§ **TASK DIRECTIONS**:
Pictures excluded, output exactly the lines from the one containing "又是郑州! 白天下暴雨瞬间成黑夜 罕见绿色天空" through the last line of the listing below.
- - - - -
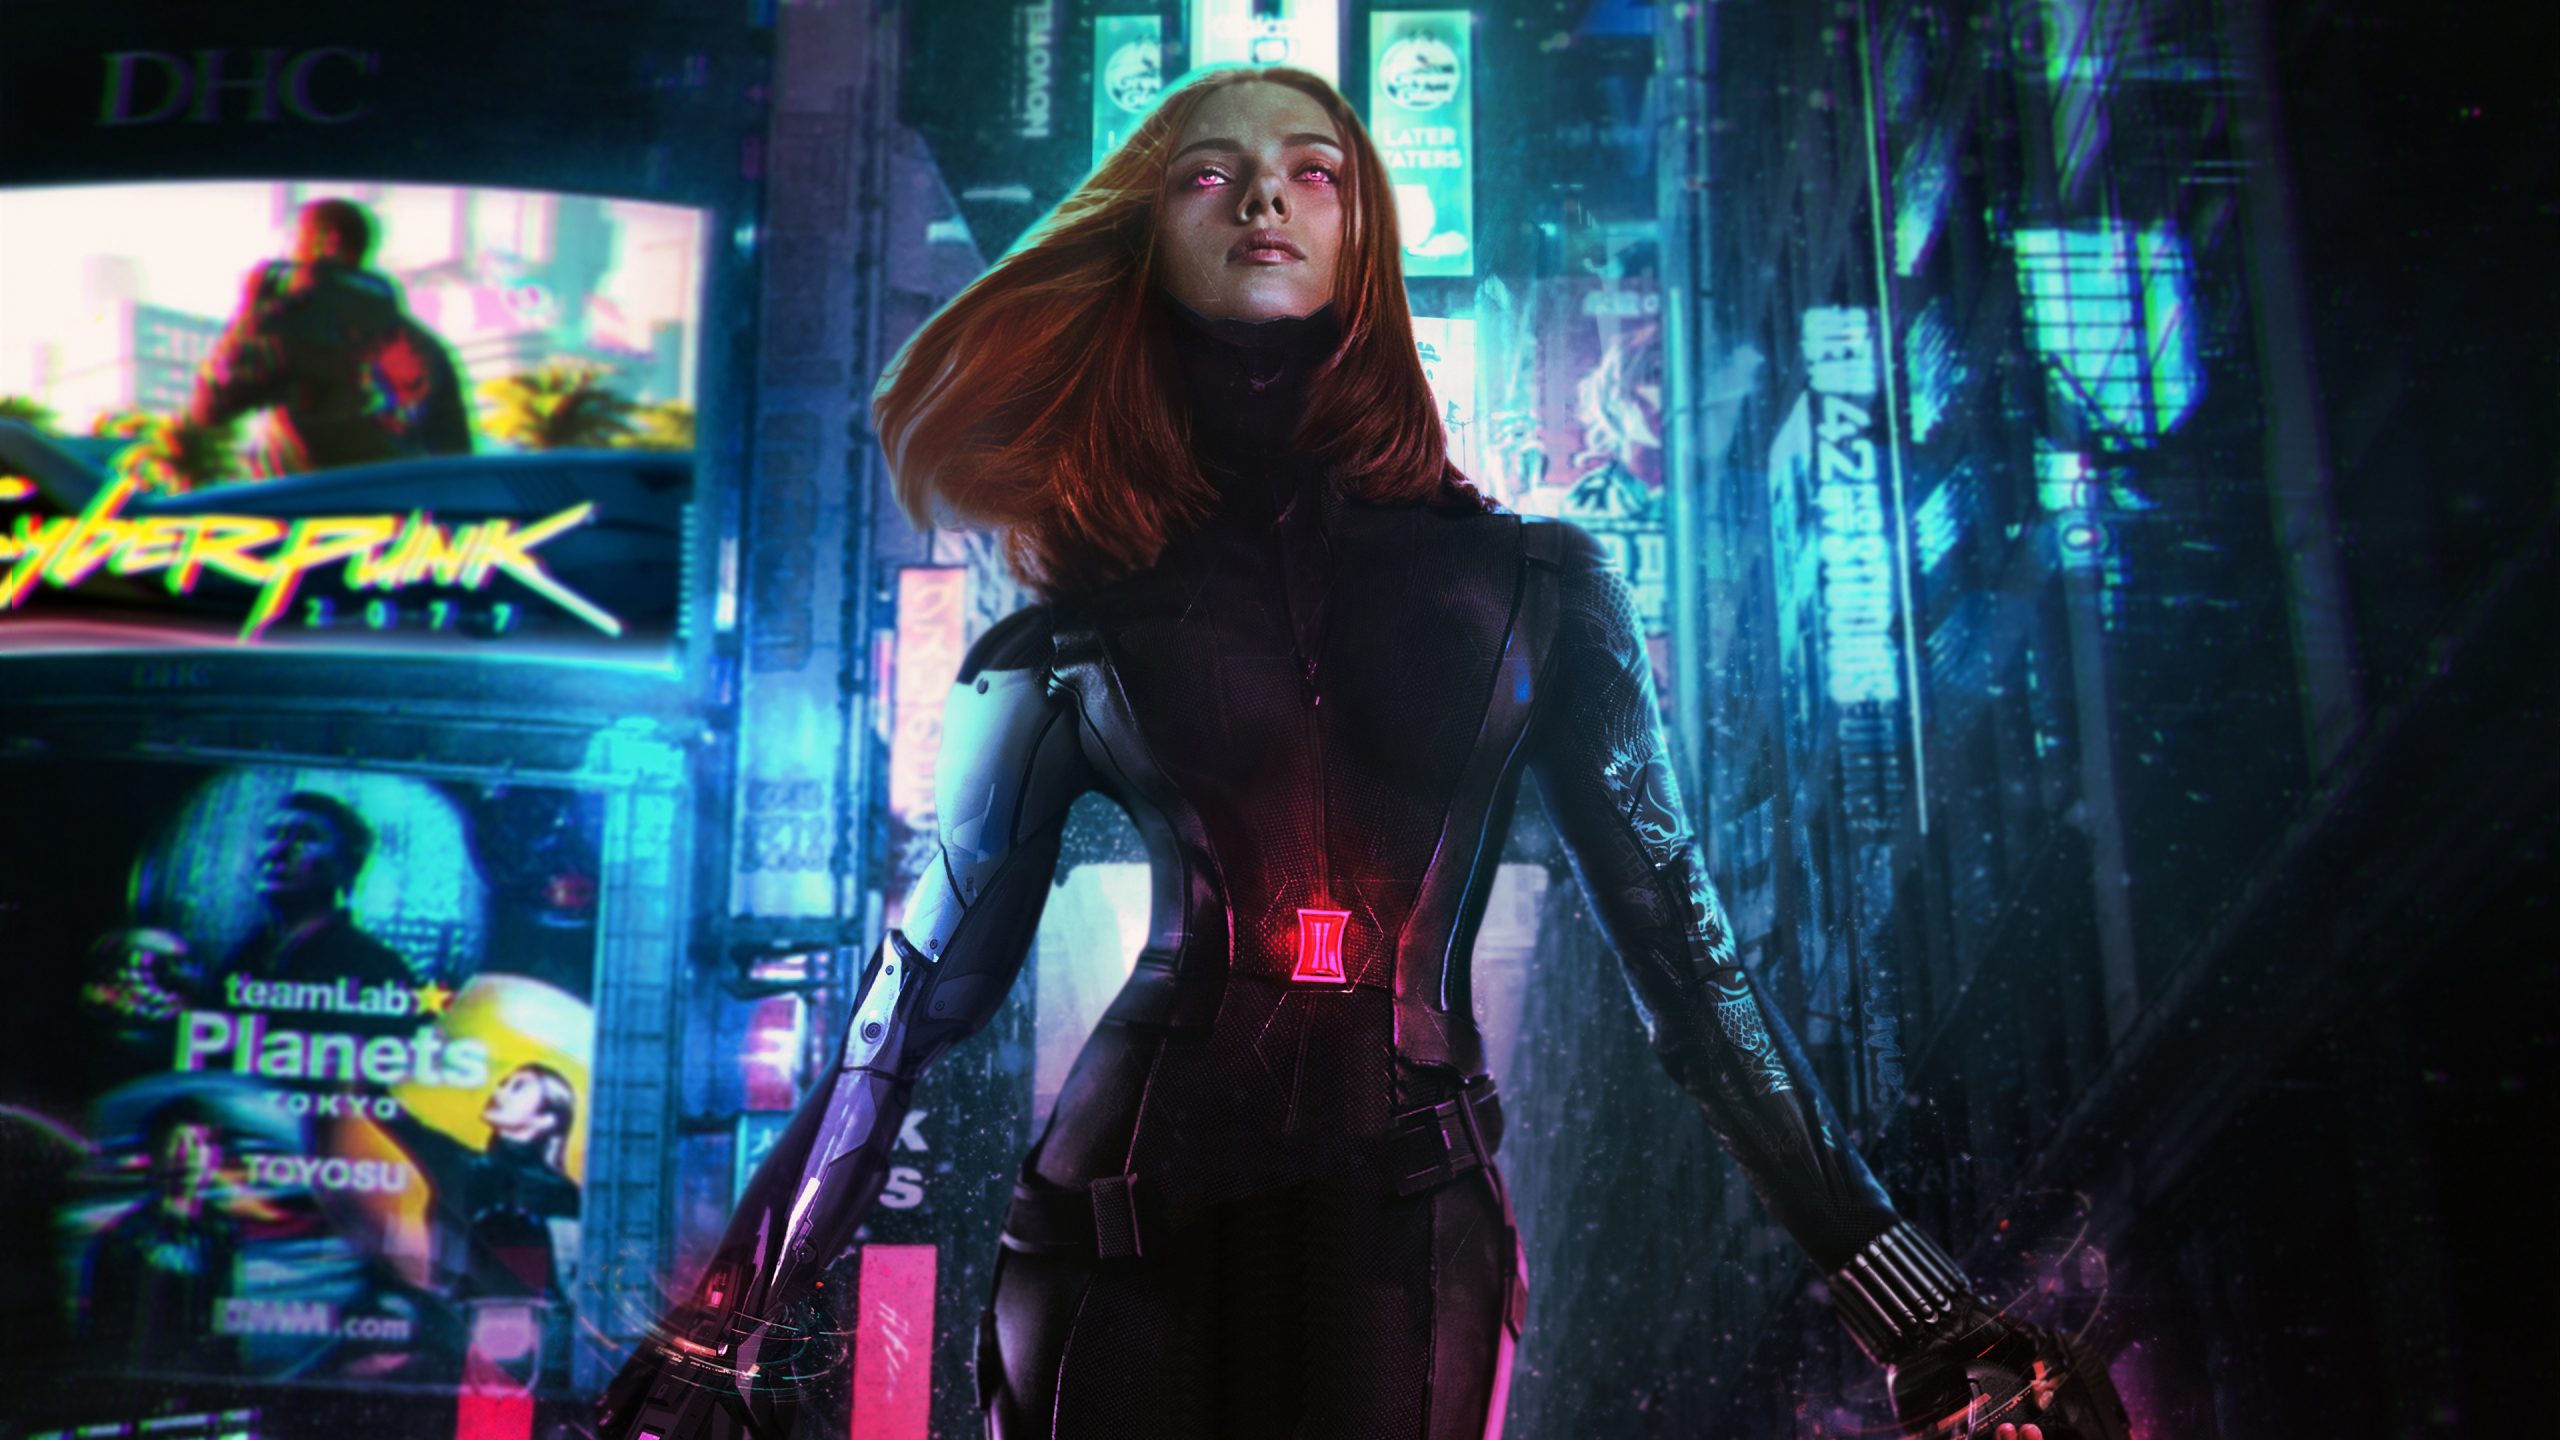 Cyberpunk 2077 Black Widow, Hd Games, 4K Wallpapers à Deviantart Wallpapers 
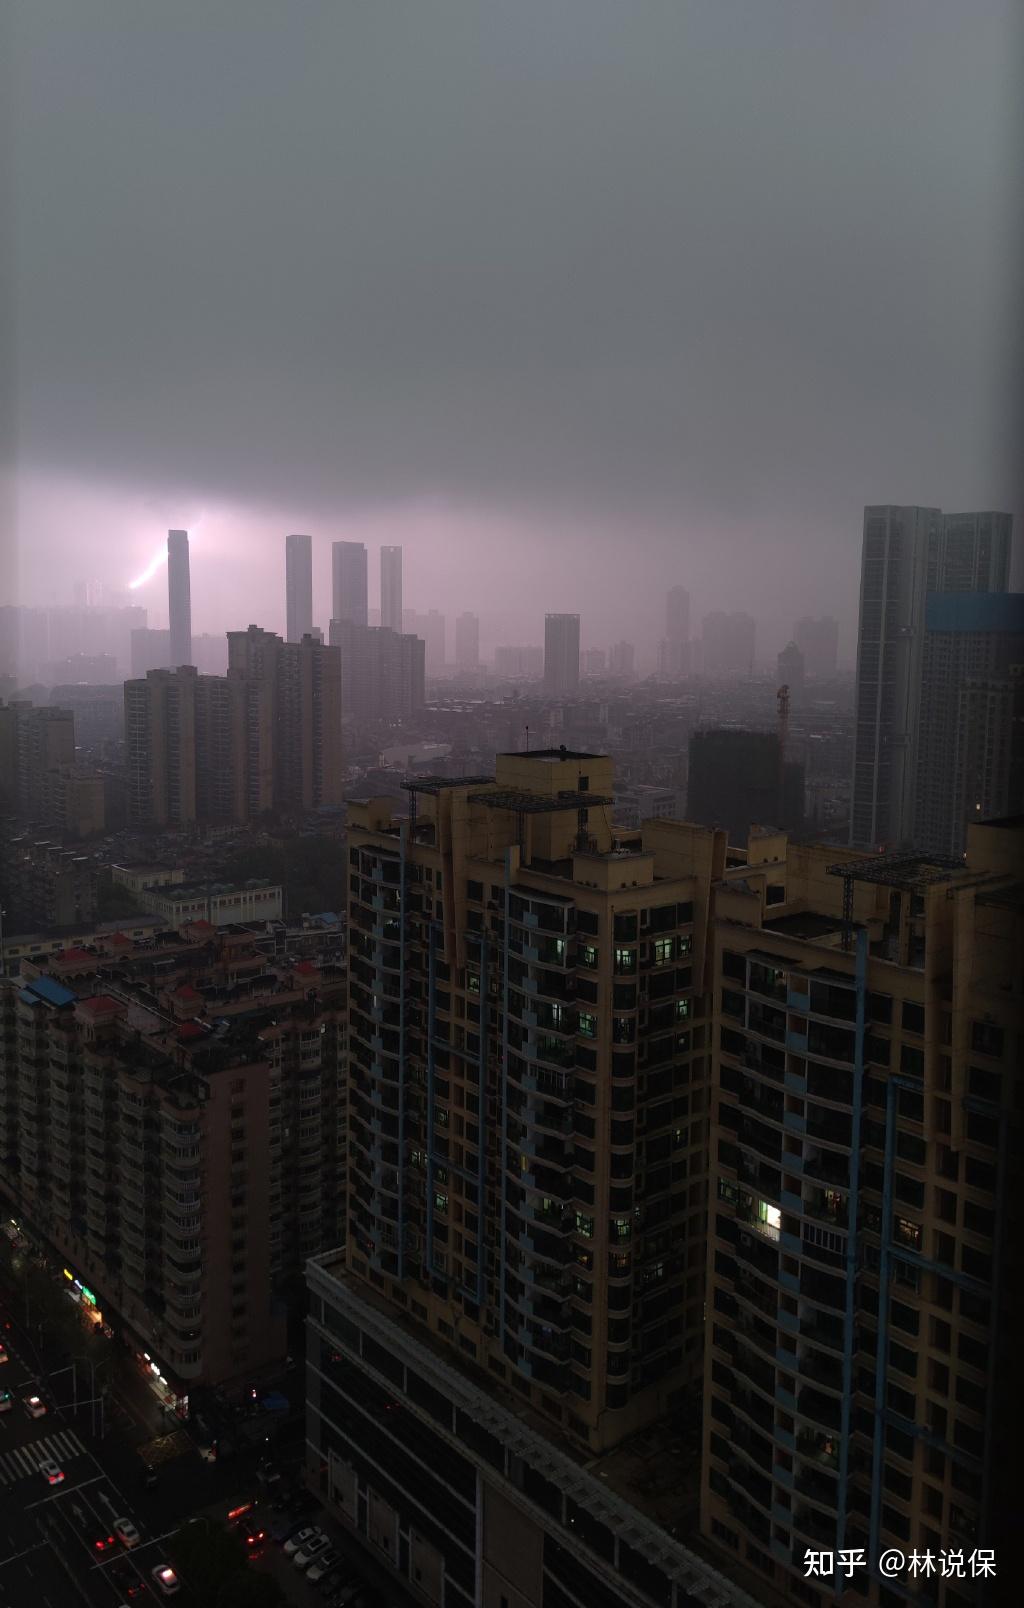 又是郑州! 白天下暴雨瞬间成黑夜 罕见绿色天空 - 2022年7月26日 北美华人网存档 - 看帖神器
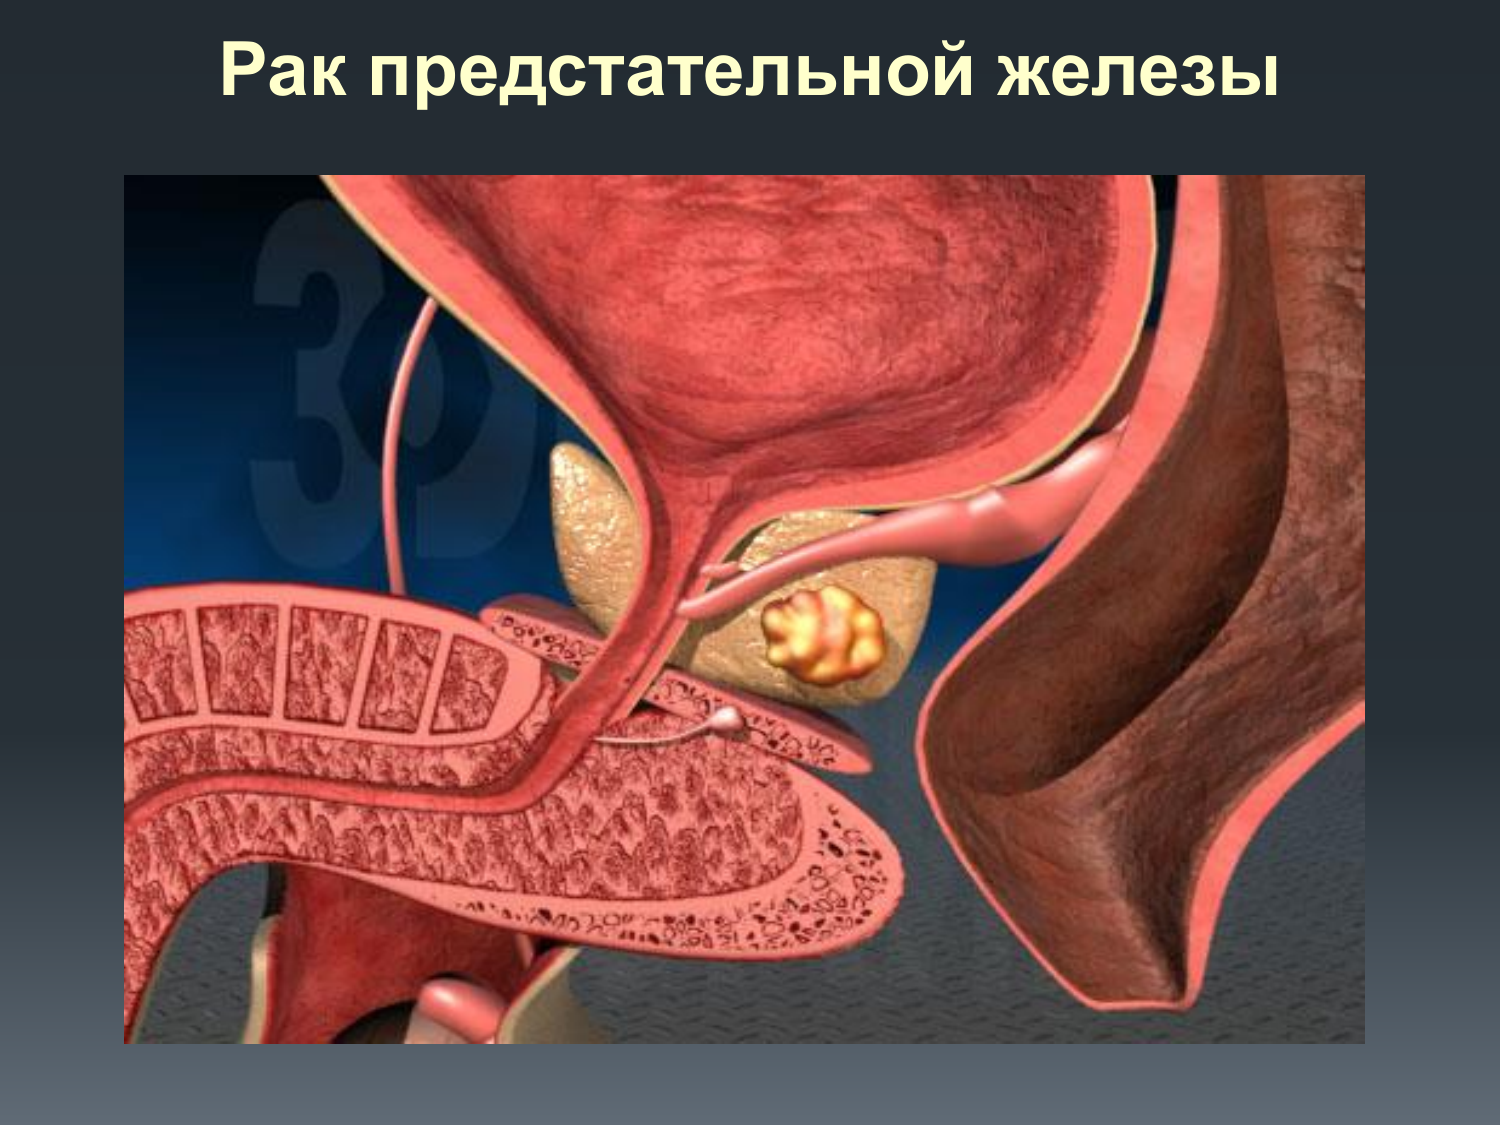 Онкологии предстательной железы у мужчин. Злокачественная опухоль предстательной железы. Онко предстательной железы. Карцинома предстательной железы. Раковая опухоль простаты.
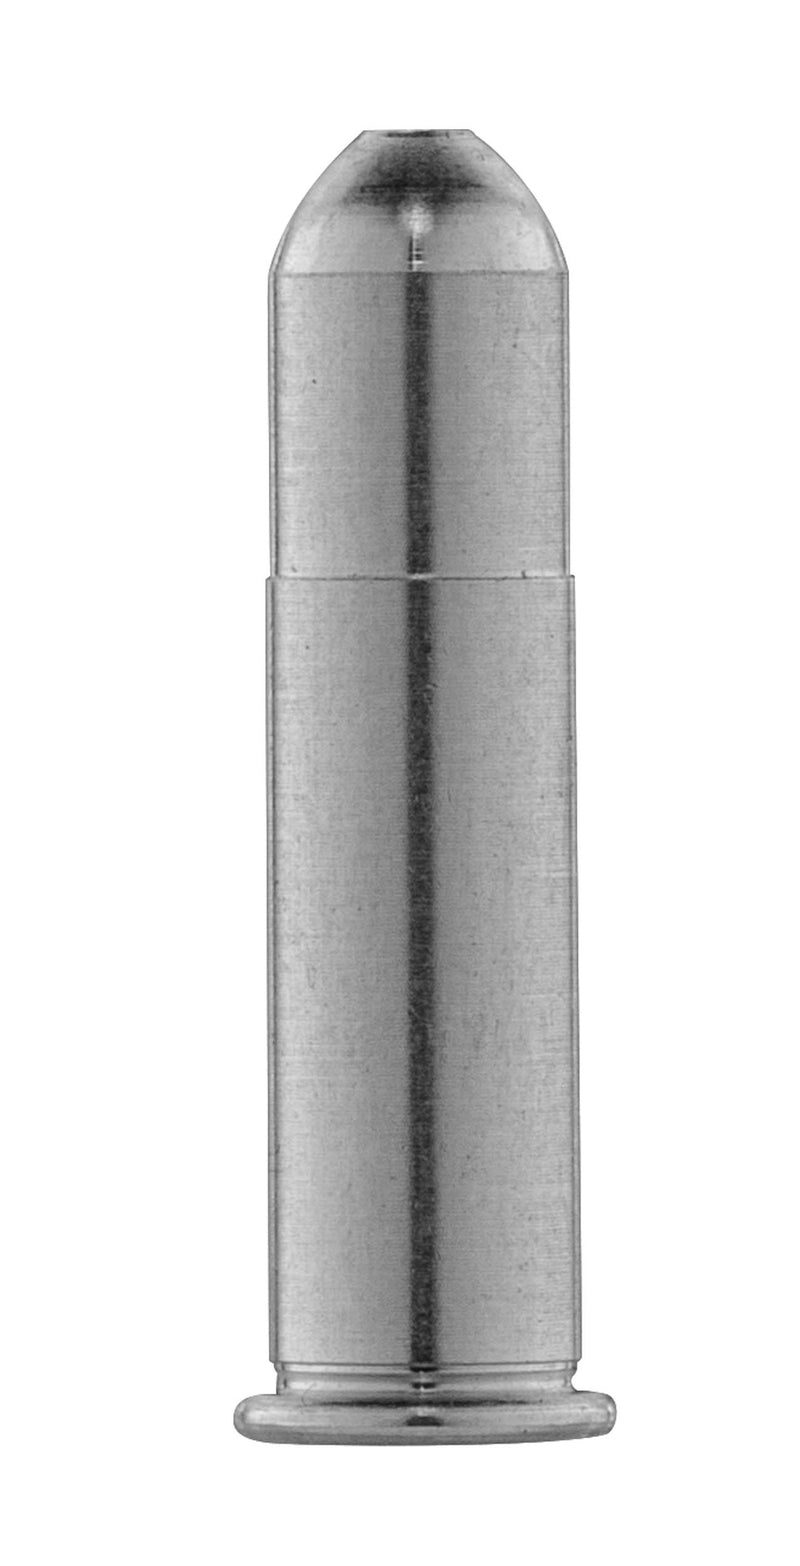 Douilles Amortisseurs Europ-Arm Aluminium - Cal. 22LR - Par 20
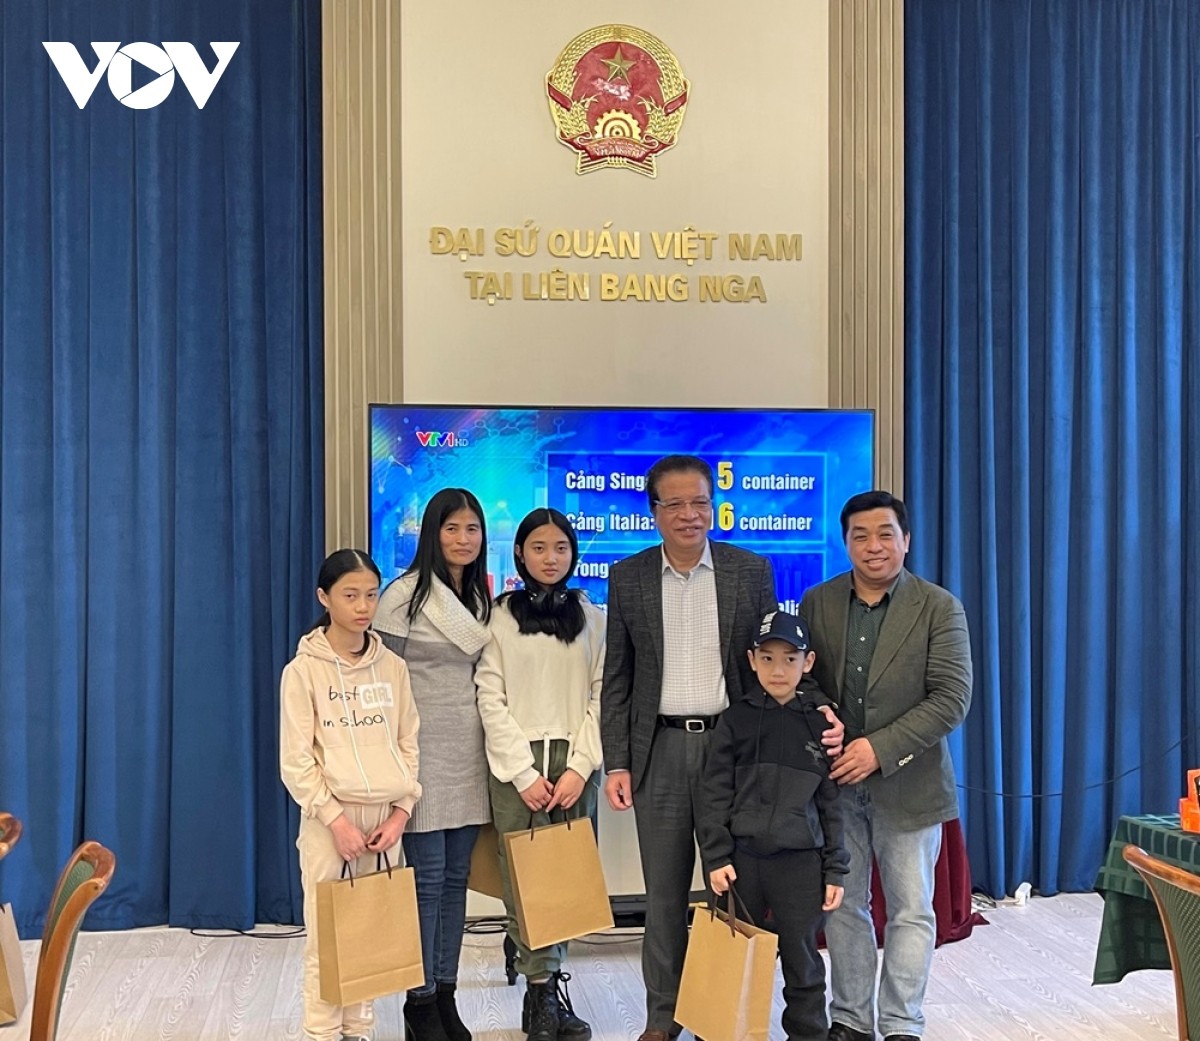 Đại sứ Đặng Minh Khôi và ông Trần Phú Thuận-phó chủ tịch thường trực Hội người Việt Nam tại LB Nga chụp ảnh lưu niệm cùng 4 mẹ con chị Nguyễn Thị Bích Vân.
- - - - -
§ **SOLUTION TO THE PROBLEM**:
 又是郑州! 白天下暴雨瞬间成黑夜 罕见绿色天空 - 2022年7月26日 北美华人网存档 - 看帖神器
 Онкологии предстательной железы у мужчин. Злокачественная опухоль предстательной железы. Онко предстательной железы. Карцинома предстательной железы. Раковая опухоль простаты.
 Douilles Amortisseurs Europ-Arm Aluminium - Cal. 22LR - Par 20
 Đại sứ Đặng Minh Khôi và ông Trần Phú Thuận-phó chủ tịch thường trực Hội người Việt Nam tại LB Nga chụp ảnh lưu niệm cùng 4 mẹ con chị Nguyễn Thị Bích Vân.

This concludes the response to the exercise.